At a defined time, a CloudWatch event will trigger the EMR Launcher Lambda function
The EMR Launcher reads EMR Cluster configuration files from the Config S3 bucket, then calls the RunJobFlow API of the EMR service which results in an Analytical Dataset Generator (ADG) EMR cluster being launched
The ADG Cluster is configured as a read-replica of the Ingest HBase EMR cluster; a PySpark step run on the cluster reads HBase Storefiles from the Input S3 bucket and produces Parquet files in the Output S3 bucket.
The PySpark step then creates external Hive tables over those S3 objects, storing the table definitions in a Glue database
Once processing is complete, the ADG Cluster terminates.

Using AWS Insights for Analytical Dataset Generation analysis

As our logs go to cloudwatch, we can use AWS Insights to gather data and metrics about the ADG runs.

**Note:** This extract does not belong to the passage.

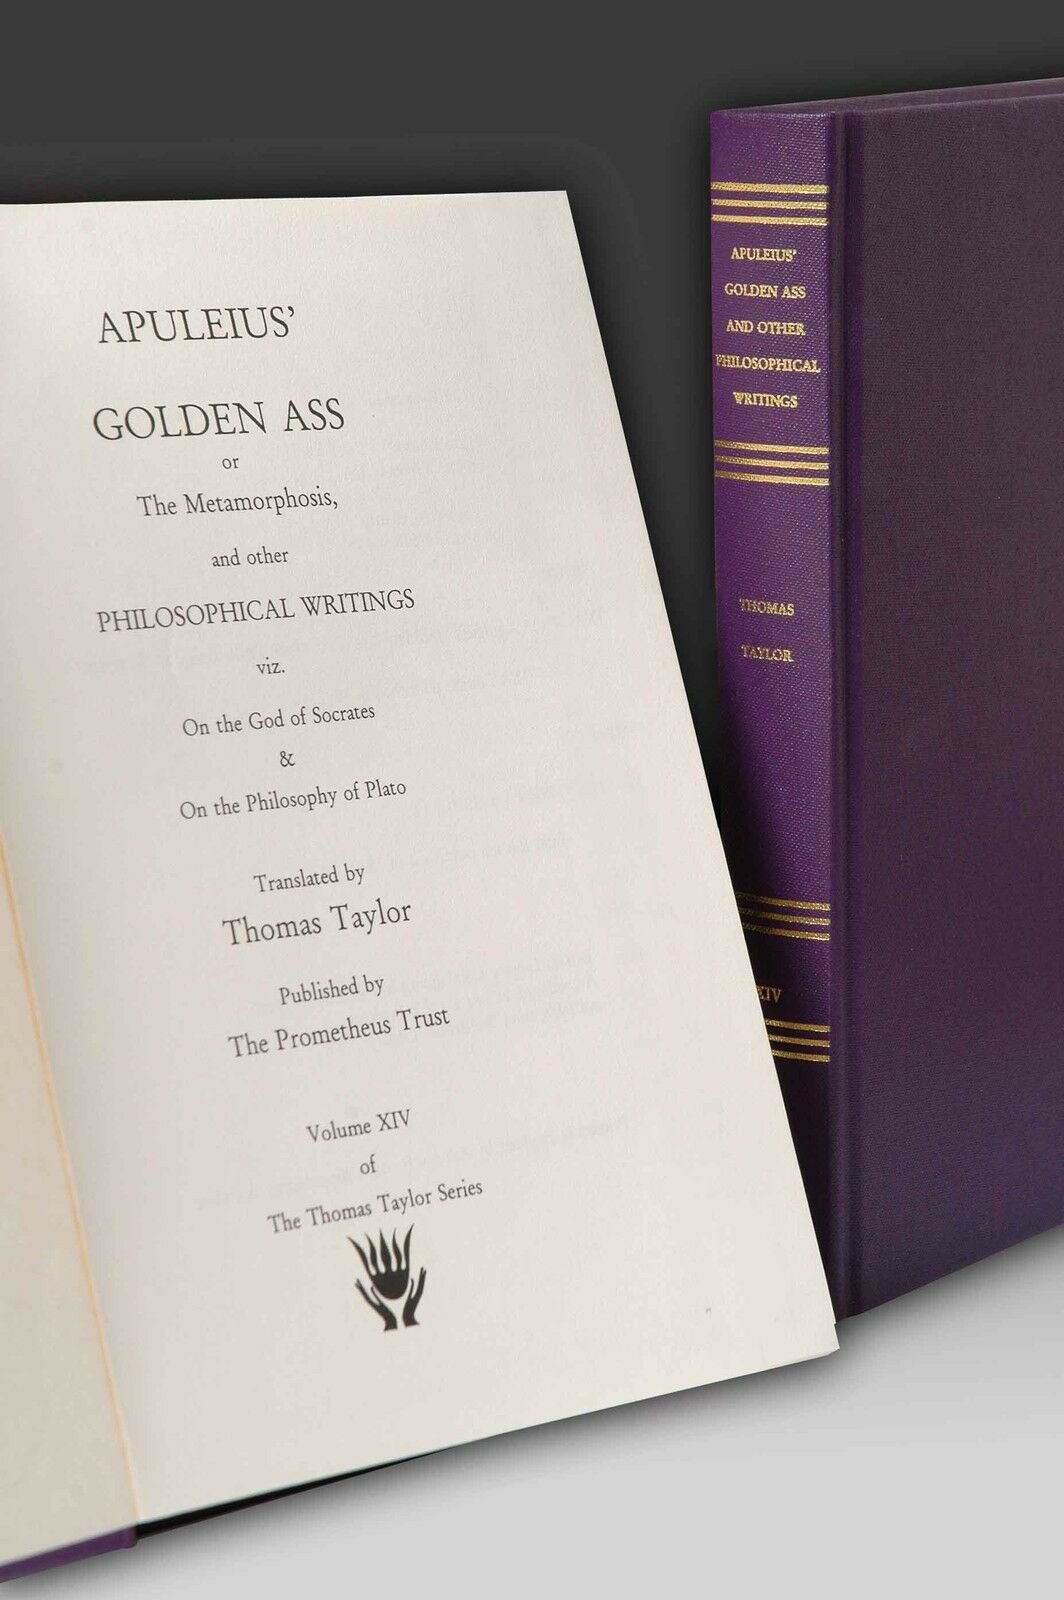 Apuleius' Golden Ass and Other Philosophical Writings (Thomas Taylor Series, volume XIV)

Make sure you set the time range or you'll get odd results

Saving Insights for future use.

You can't. However, you can see previously used insights in the account (useful as you can't save them per se) by going to:

"CloudWatch | Logs | Insights (left menu bar) | Actions (button) | View query history for this account"

If you put a comment as the first line of a query it can do for a proxy title.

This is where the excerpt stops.